Chairman Durbin. Before I turn to Officer Gale, I would
like to also note that this celebrated case, notorious case
involving Trayvon Martin involved a person being accused who
was not a law enforcement official per se. He was an individual
citizen as part of a Neighborhood Watch. Forty-nine States now,
my own State being the only exception, have a concealed-carry
law which allows individuals under some circumstances to
legally carry a firearm. In this case, I do not know if Mr.
Zimmerman complied with Florida law. That will come out, I am
sure, in terms of what it took to have a concealed weapon.
But it certainly raises a question that was not before us
as much 10 years ago. We are not just talking about
professionalizing law enforcement and holding them accountable.
We are talking about a new group of Americans who are being
empowered to carry deadly weapons and to make decisions on the
spot about the protection of their homes and communities, which
I think makes this a far more complex challenge than it was 10
years ago.
I would like your response.
Chief Davis. Yes, sir, I agree. The issue for California,
we have the issue of open-carry, the carrying of loaded
firearms, with very minimal requirements. So I think the idea
that people should be held accountable, including our
community, is very real.
The issue of racial profiling, why it is also important,
why we need the data, is in many cases--and maybe the Trayvon
Martin case may bring this out later--gets into also what role
law enforcement plays with its own community's bias. And so
when people call the police and say, ``There is a suspicious
person walking in my neighborhood,'' what makes that person
suspicious? And the police must ask those questions. And the
idea that we simply respond and stop without inquiring why the
person is suspicious--is it their behavior? Is it the fact that
they were basically engaged in criminal activity? Or is it
because they are wearing a hoodie and because they are black?
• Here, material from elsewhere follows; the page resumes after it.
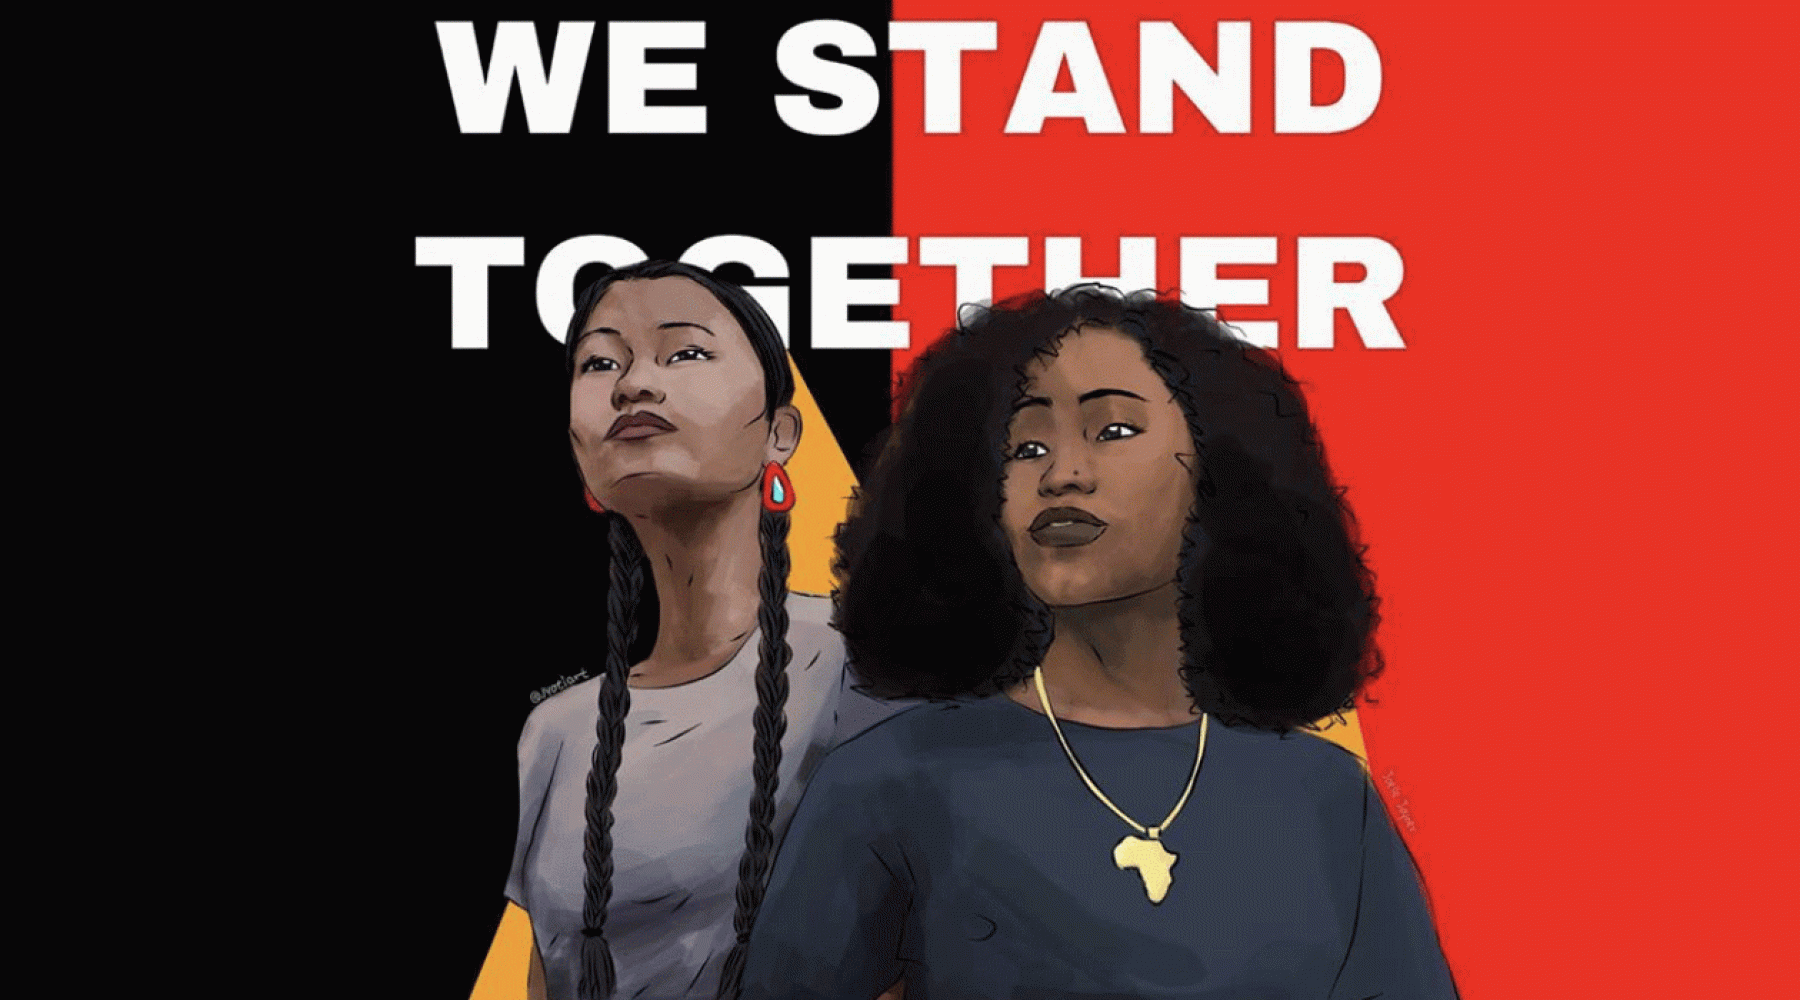 "We Stand Together" artwork

And at some point, the law enforcement must stand firm.
Now, this is where we need the justification with the law
to stand firm and even tell community members, ``No, I am not
going to stop this person because he or she has done nothing.''
So we do have to look at the idea that law enforcement not
enforces the law, they also set in many ways the moral
authority of its community on how to interact with each other.
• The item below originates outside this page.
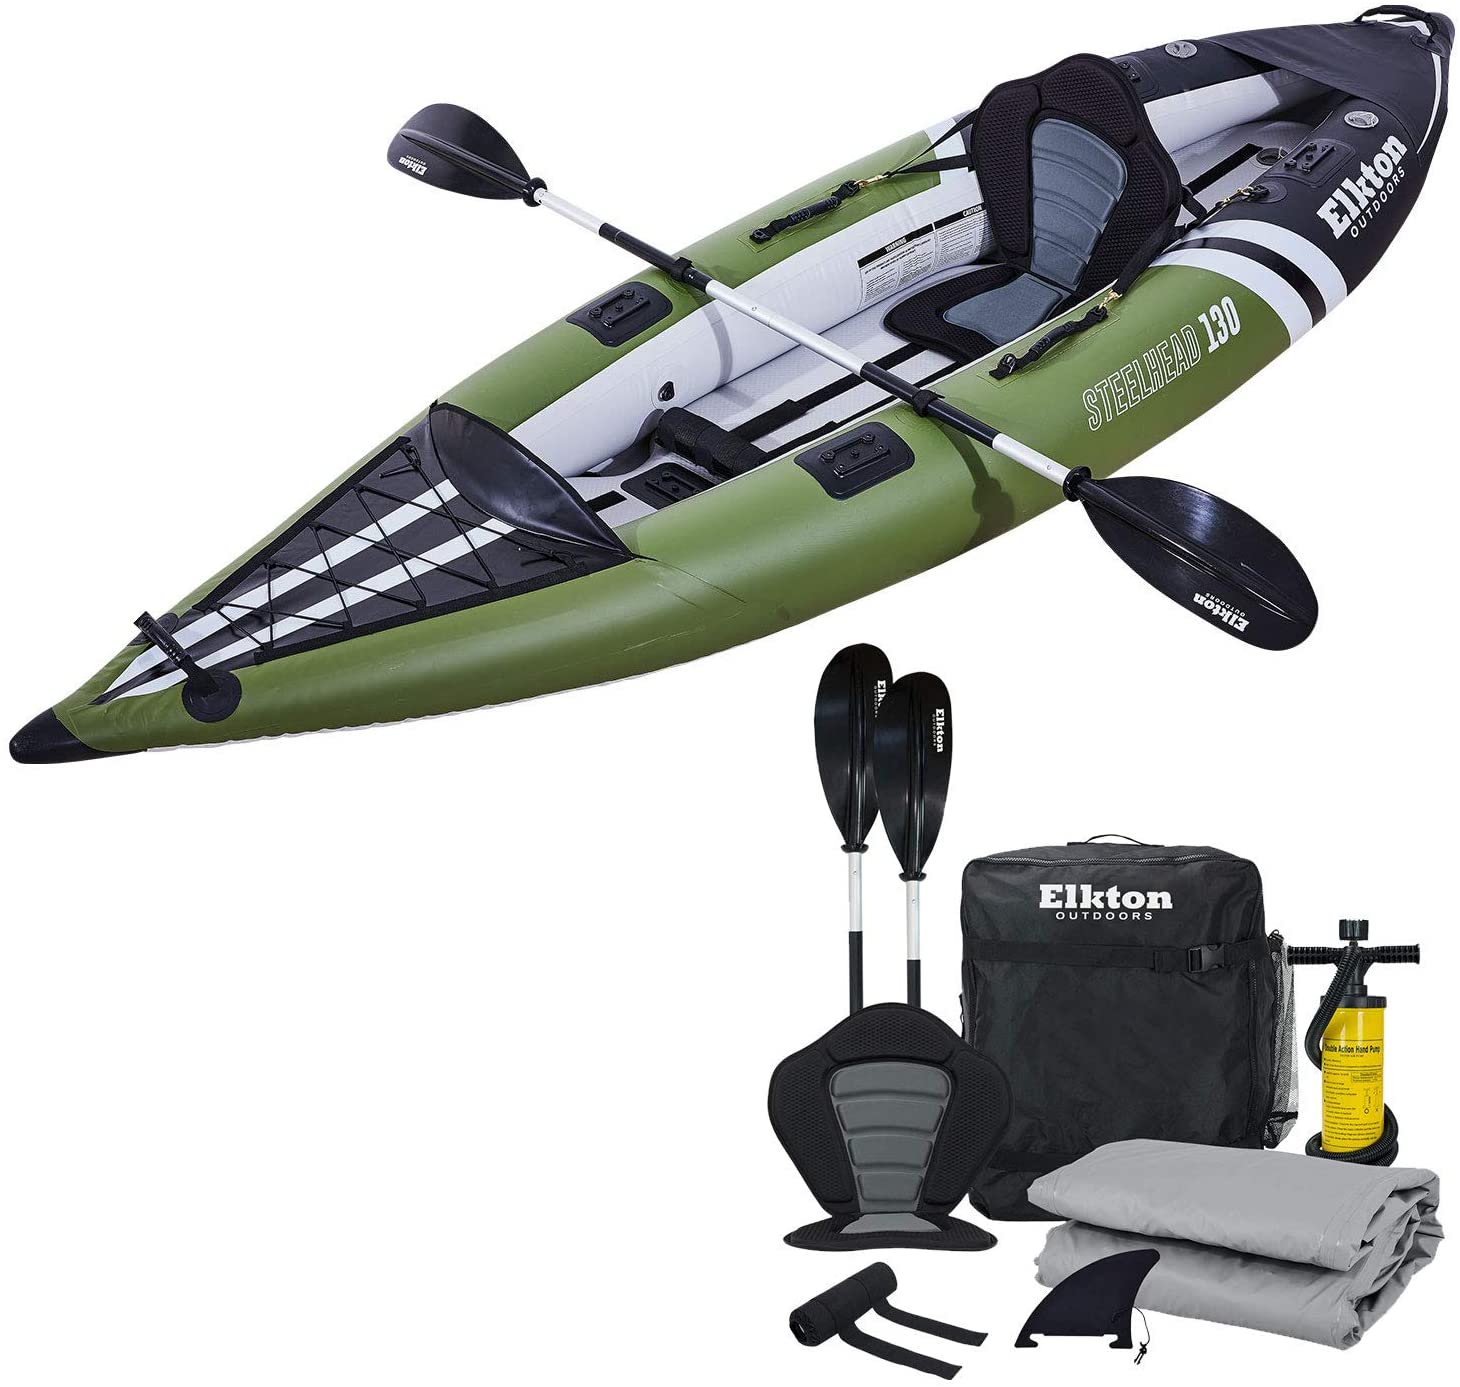 Los 12 mejores SUP inflables, flotadores y kayaks en Amazon - 45

Chairman Durbin. Officer Gale, your statement was very
strong, but the conclusion of it raised a question. And I do
not have it in front of me, but as I recall--and tell me if I
am stating this correctly--you said that many members of the
law enforcement community were not trusted in the minority
communities. Can you explain that?
Mr. Gale. Well, I think it is----
Chairman Durbin. You need to turn the microphone on,
please.
Mr. Gale. I apologize. I think it is pretty clear from what
we have seen in media reports, especially recently. But, you
know, over the course of several years, there is work to be
done by law enforcement in the minority community to rebuild
trust. And I say that openly. I think the FOP acknowledges that
and, in fact, we are engaged in activities in which we are
attempting to help law enforcement officers and agencies do
just that through community work. So I think that is an
important piece.
I think the professor talked about the fact that a lot of
times in minority communities you have people in those
communities that are a valuable resource to law enforcement. I
agree with that, and the aspect of law enforcement and the
professional law enforcement, it is necessary to have people in
communities where crime is occurring assist you with the
enforcement activities. And so I think the problem has become
that we seem to want to blame the enforcers for everything that
goes wrong. And the problem with that is that the enforcers
show up on the scene to deal with a situation with the
information that they have available to them at the time. And
our job, when we show up, is to stabilize the situation.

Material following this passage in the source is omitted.